The call was made when the government consumer watchdog and protector engaged members of the media in Blantyre last week, asking the Fourth Estate to also be on high alert.

Itimu engaging with the journalists
CFTC’s acting Executive Director, Apoche Itimu said if found, such habitual offenders need to be given stiffer punishments in order to address the malpractices by most public service providers.
When found guilty the penalties, under the Competition and Fair Trading Act (CFTA), provides that as person guilty of an offence under CFTA shall be liable to a fine of K500,000 and 5 year jail term.
Itimu said while the Government approved reforms to introduce on-spot fines for any consumer violations, the Commission is in the process of reviewing the Act to effect some proposed fines.
She said the set fine was enacted in 2013 and was stiff enough then but some big corporate businesses can just opt to pay the meagre fine and continue carrying out unfair trading practices.
Thus the need to identify habitual offenders to for stiffer punishments under review by the Commission.
Unfair trade practices — as defined in Section 2 of the Consumer Protection Act (CPA) — is carrying out a trade or business practice which adopts unfair method or unfair or deceptive practice for the purpose of promoting the sale, use, supply or provision of goods and services.
Section 43 of the Competition and Fair Trading Act (CFTA) prohibits unfair trading practices that include hoarding/withholding products; excluding liability for defective goods; goods once purchased are not returnable; misrepresentation of products; sale of counterfeit products; misleading conduct; shelf price different from till price; unclear wholesale/retail price details.
Others include unconscionable conduct; unfair consumer contracts; taking undue advantage of power imbalance; supply of harmful products and goods that do not meet standards as well as expired; substandard and uncertified products.
Misleading advertising is also described as unfair trading practices as well as not displaying prices of products; quoting prices in foreign currency; non-issuance of receipts and non-tax compliant receipts.
Malawi developed Competition Policy in 1997 and in 1998, Parliament enacted the CFTA while the Commission (CFTC) was established, in 2012-13, under the CFTA.
Consumers asked to check if prices match at the till

Over the years, the Commission has recorded over 1,000 cases and rising with some businesses found guilty more than once —  thus CFTC asking the public to continue reporting for possible habitual offenders.

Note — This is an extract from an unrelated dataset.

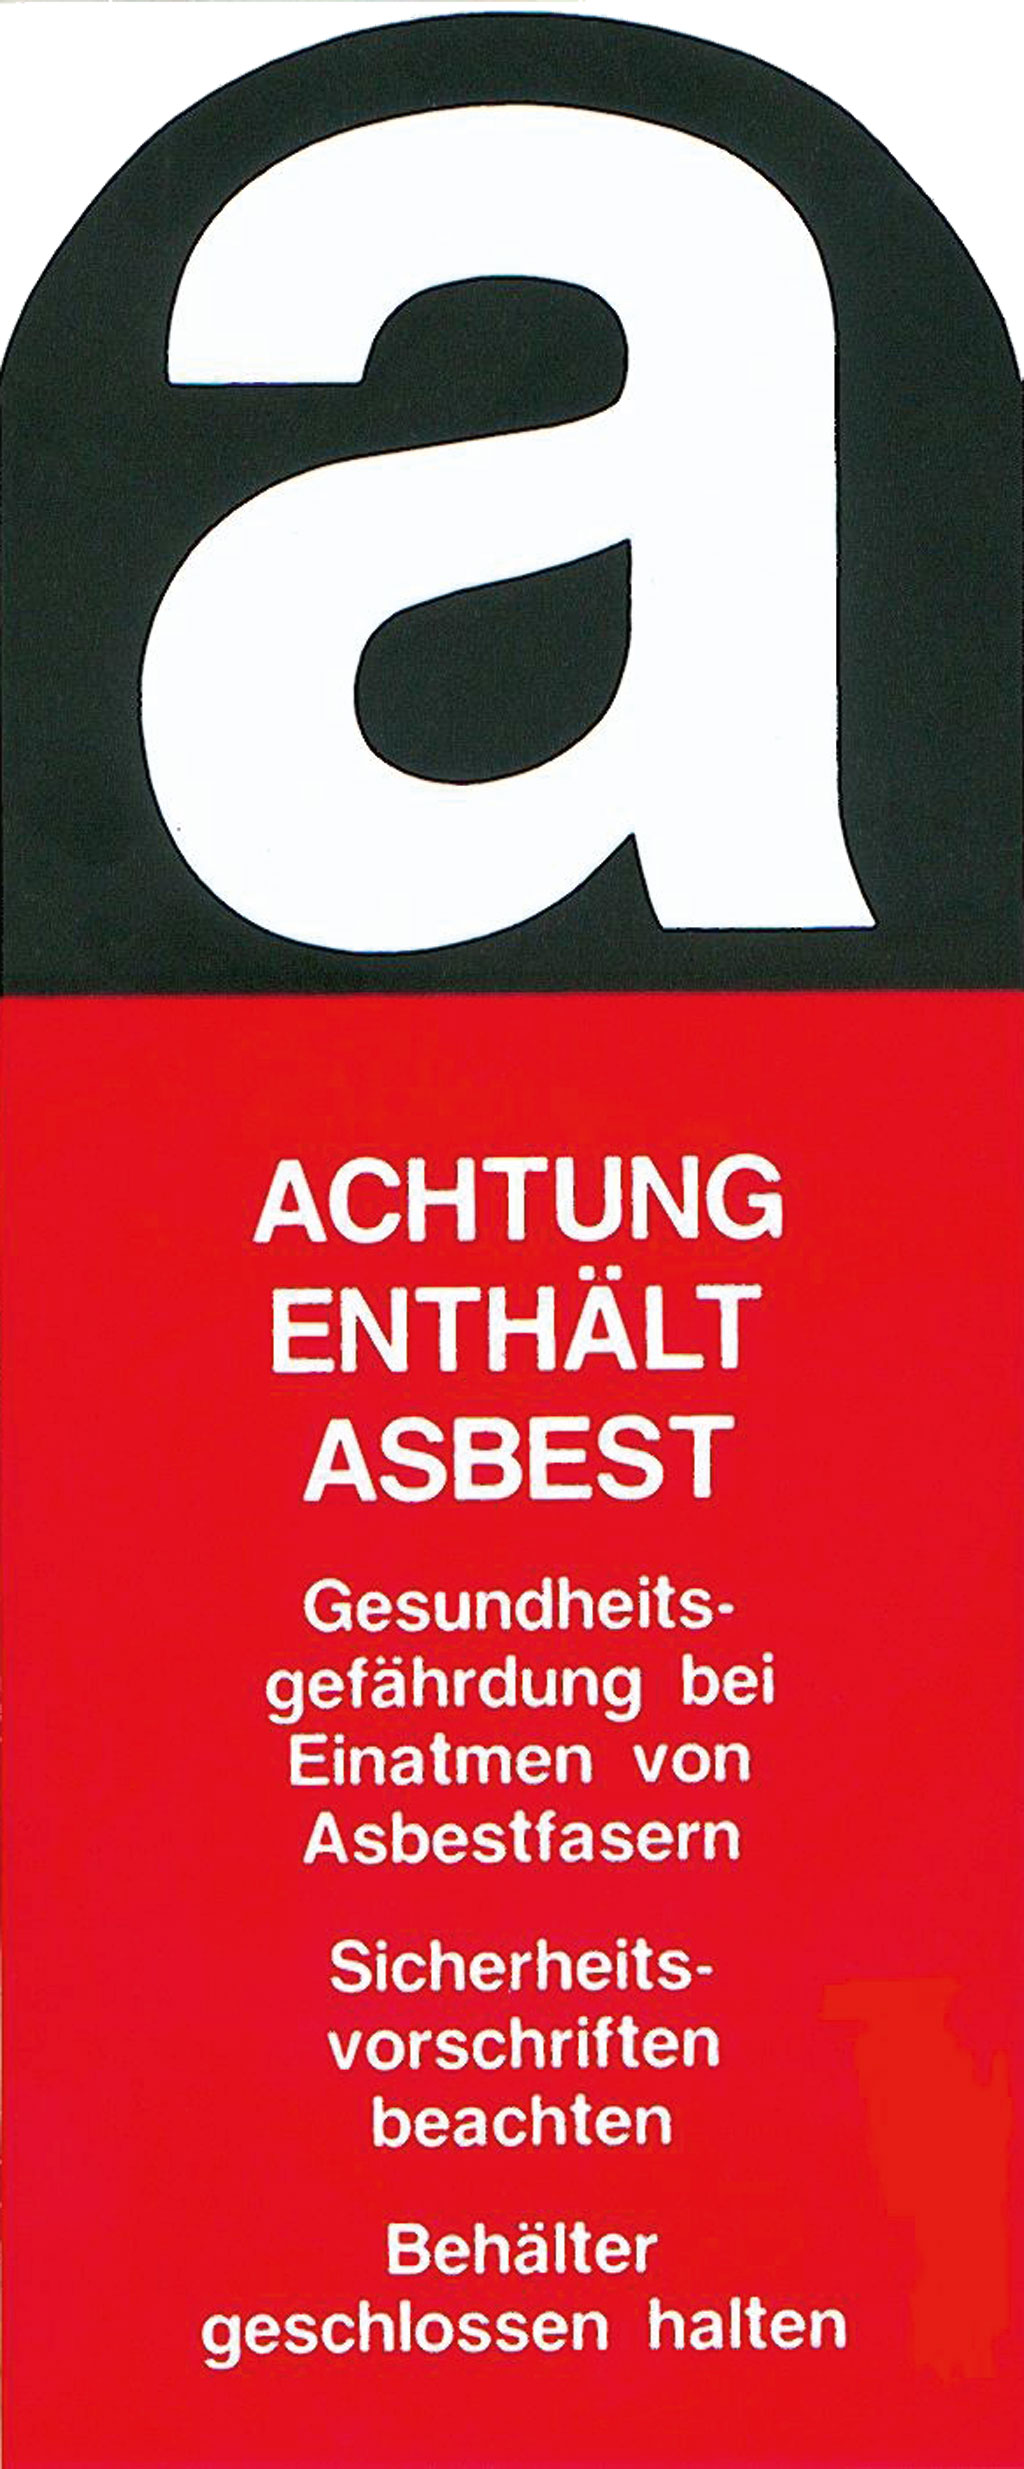 Ratgeber Asbest

Itimu emphasized that while they also conduct market surveillances in markets to ensure that the law is being followed, the public can alert CFTC through Toll free line 2489.
She also said they do engage people, that include those in rural areas through business clinics as well as utilising community radios to sensitise the public on need to be checking products before they buy.
The case of shelf price different from till price is common amongst supermarkets managed by Malawians of Asian community, who justify their actions, saying prices of products keep rising on daily basis due to the current economic situation the country is facing.
But in May last year, Consumers Association of Malawi (CAMA) warned consumers to be alert when they go shopping, saying some unscrupulous traders are charging different prices at the till than those displayed on shelves.
In a public notice CAMA contended that most traders had taken advantage of the current economic downturn — coupled
with the effects of CoVID-19, which have created scarcities and price increases on some goods and services.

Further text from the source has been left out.